Perl's sorting abilities are remarkably simple to use. In its simplest form, a sort can be done like this:
Listing 9. The default sort()
@new_list = sort @old_list; # sort @old_list alphabetically |
The default sort uses simple string comparisons on all the scalars in the list. This is fine if the list contains dictionary words to be sorted alphabetically, but not so great if the list contains numbers. Why? Because "1" comes before "010" in a string comparison, for example. Numbers have to be compared by value, not as strings.
Fortunately, this is easy to do and is in fact a common Perl idiom:
Listing 10. The numeric sort()
@old_list = (1, 2, 5, 200, '010');
@new_list = sort { $a <=> $b } @old_list; # sort @old_list numerically
|
I quoted 010, because in Perl numbers that begin with 0 are interpreted as octal, so 010 octal would have been 8 decimal. Try it without the quotes and see for yourself. This also demonstrates how Perl scalars are automatically converted to numbers when necessary.

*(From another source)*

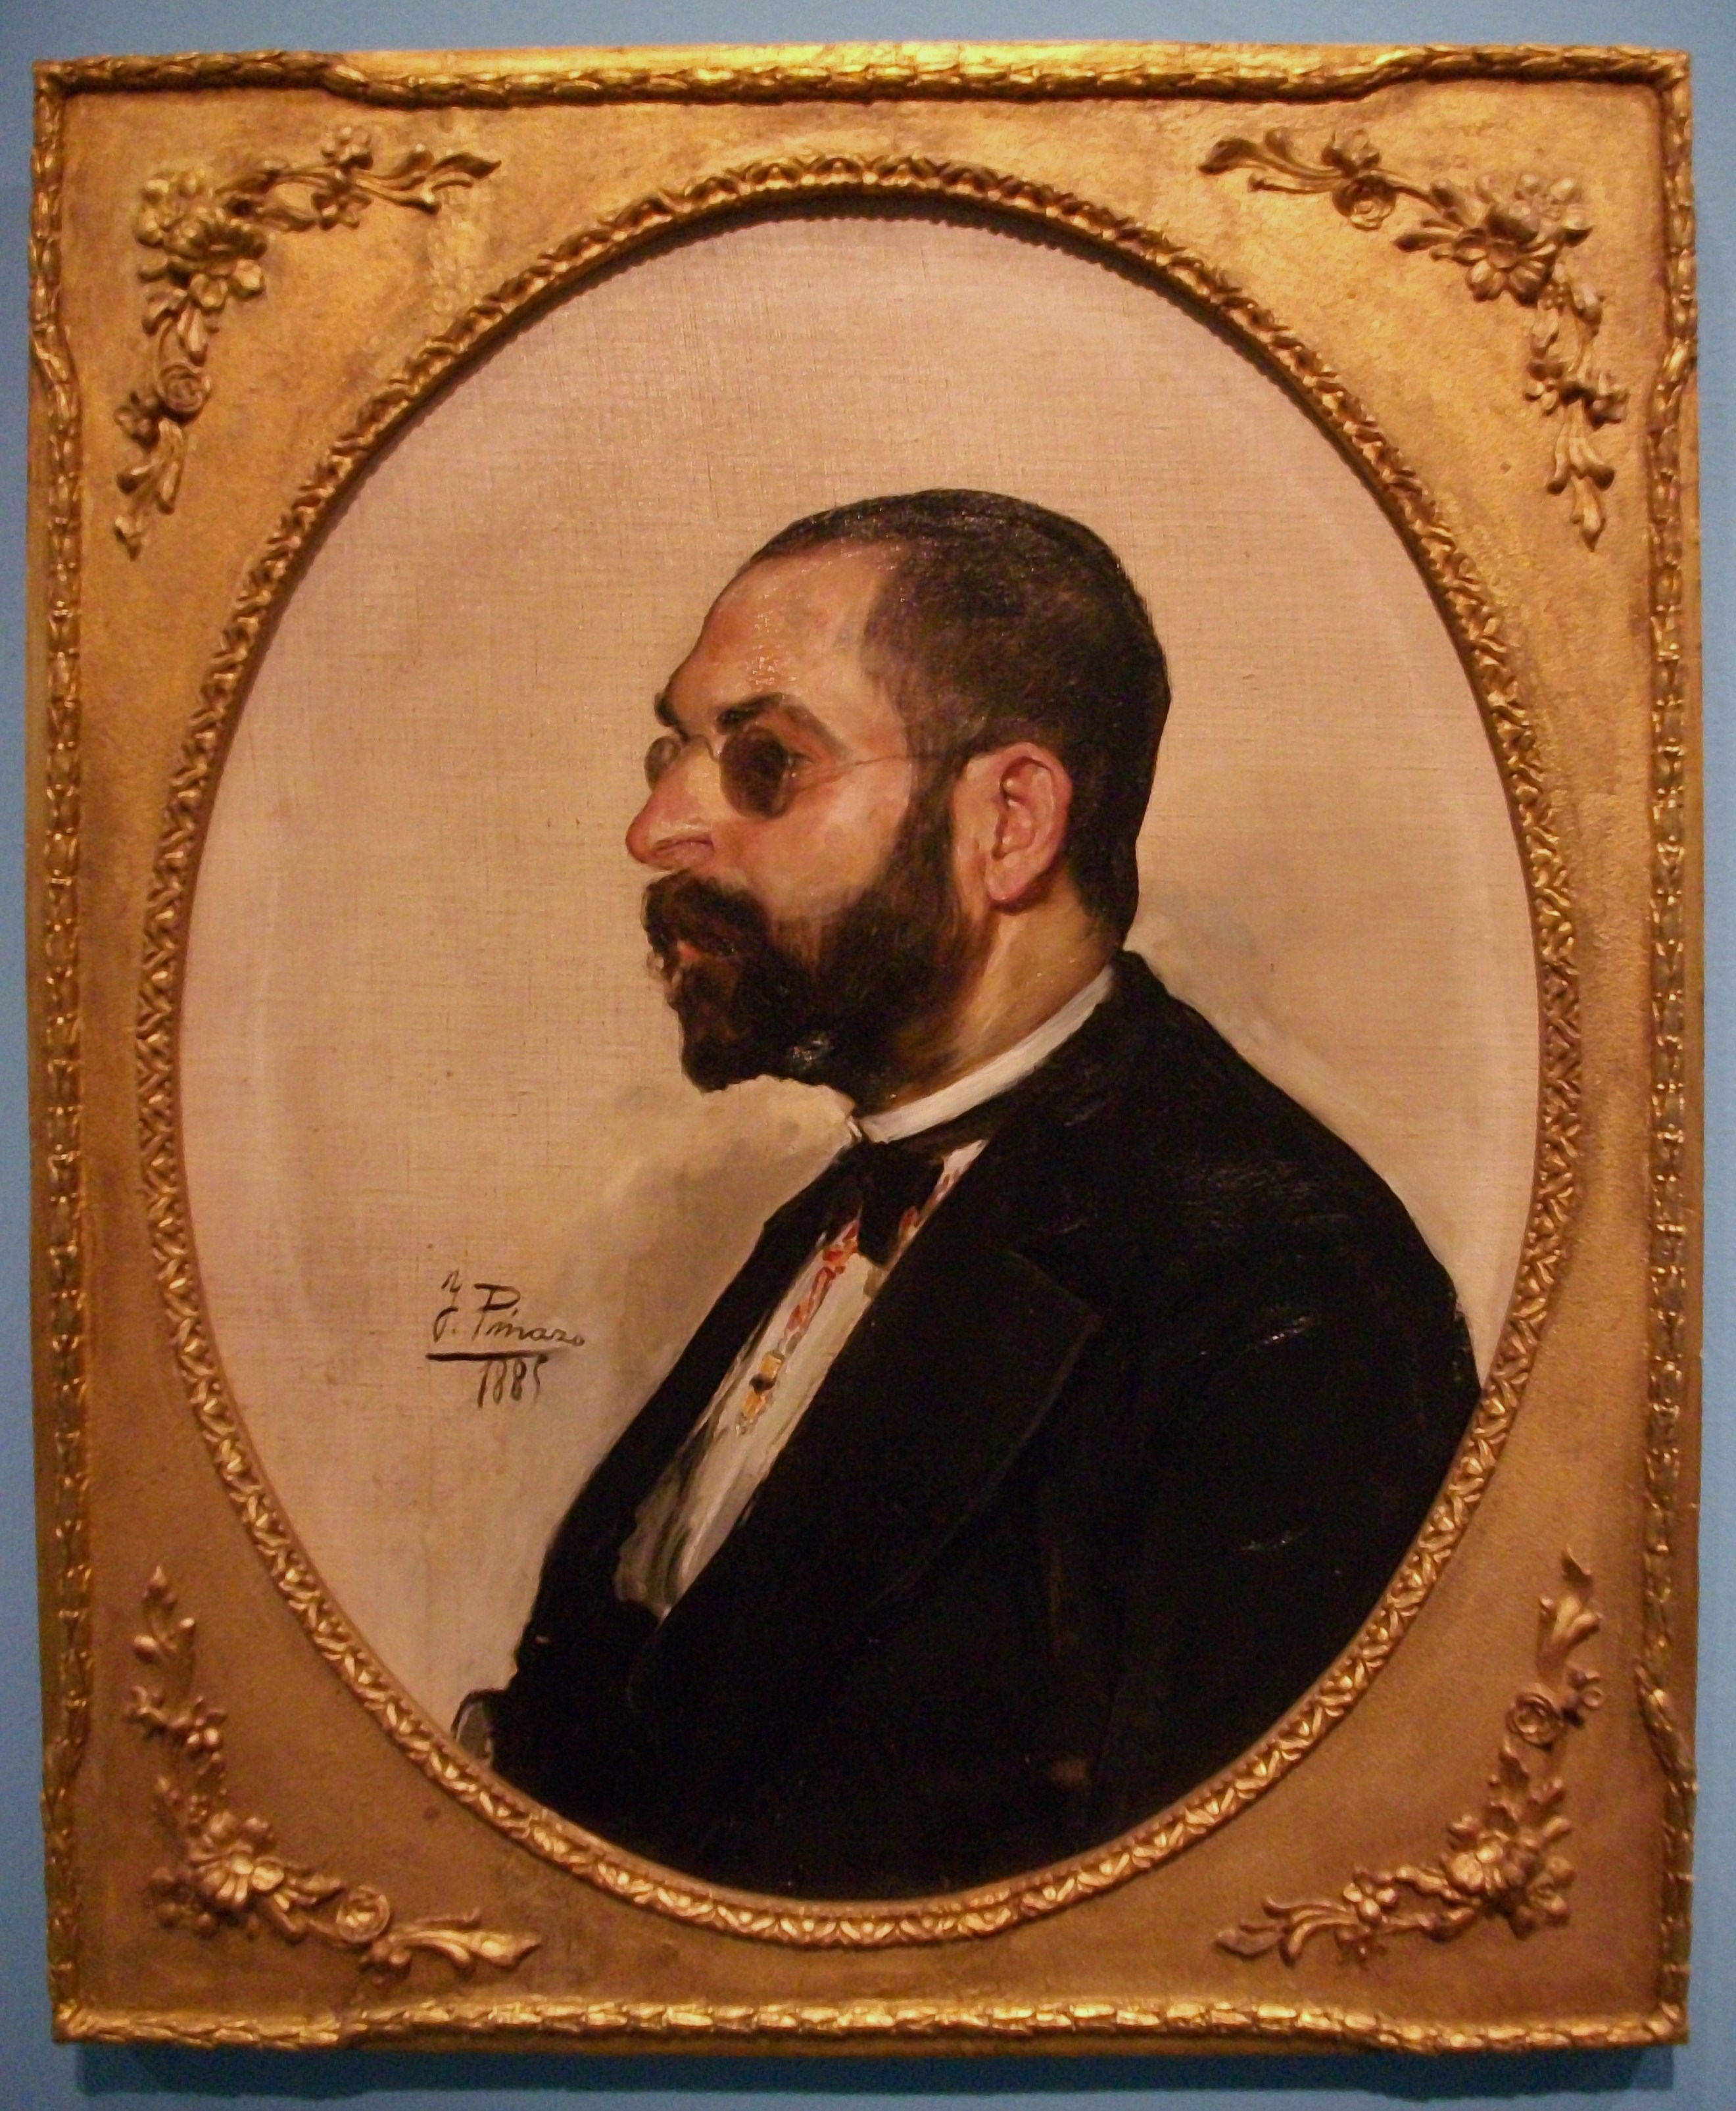 Retrat de Constantí Llombart, Ignasi Pinazo 1885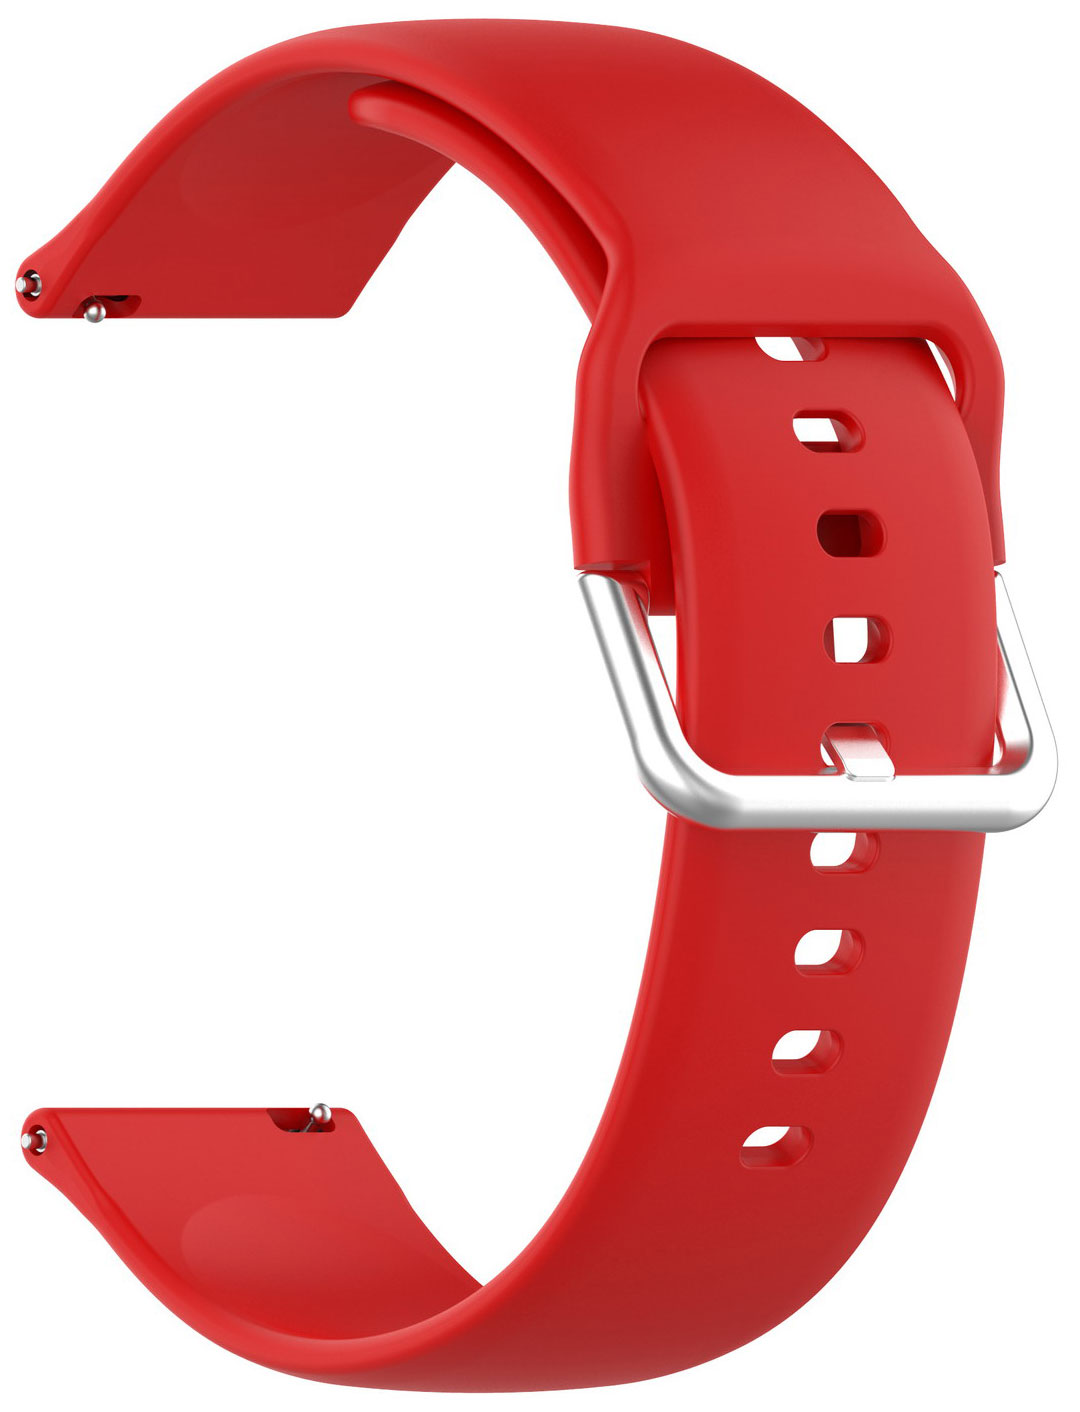 Ремешок для смарт-часов Red Line универсальный силиконовый, 22 mm, красный УТ000025252 ремешок red line для часов универсальный силиконовый 22 mm оранжевый

If you run the default sort from Listing 9 on the @old_list in Listing 10, you will see that 200 is before 5, for example. That's what we are trying to avoid.
To reverse the sorted list, you can either apply the reverse() function to the list after it's sorted, or you can change the sorting function. For example, the reverse sort of the one in Listing 10 would have the comparison code block be { $b <=> $a }.
See "perldoc perlop" for more information on the <=>
and cmp operators, which are essential to all sorting in Perl. The cmp operators are what's used in the default search in Listing 9 behind the scenes.
Well, fine, so we can sort scalars. That's not enough -- most sorting is done on data structures such as arrays and hashes. Perl supports almost any kind of sorting because of its flexible syntax. For instance, say we need to sort a bunch of hash references, where the 'name' key in the hash is the sorting field. We want a regular alphabetical sorting order, so the cmp operator should be used:
Listing 11. The sort by a hash member
# create a list with two hash references
@old_list = ( { name => "joe" }, { name => "moe" } );
# sort @old_list by the value of the 'name' key
@new_list = sort { $a->{name} cmp $b->{name} } @old_list;
|
Now we get into the interesting stuff. What if it's expensive to obtain data from the objects being sorted? Say we need to apply the split() function to a string every time we need to obtain the value to sort by. It would be computationally expensive to run a split() every time the comparison value is needed, and your co-workers would laugh at you. You could build a temporary list of the comparison values, but that's not so easy to do and can easily introduce bugs. You are probably better off using the Schwartzian transform, named after Randal Schwartz.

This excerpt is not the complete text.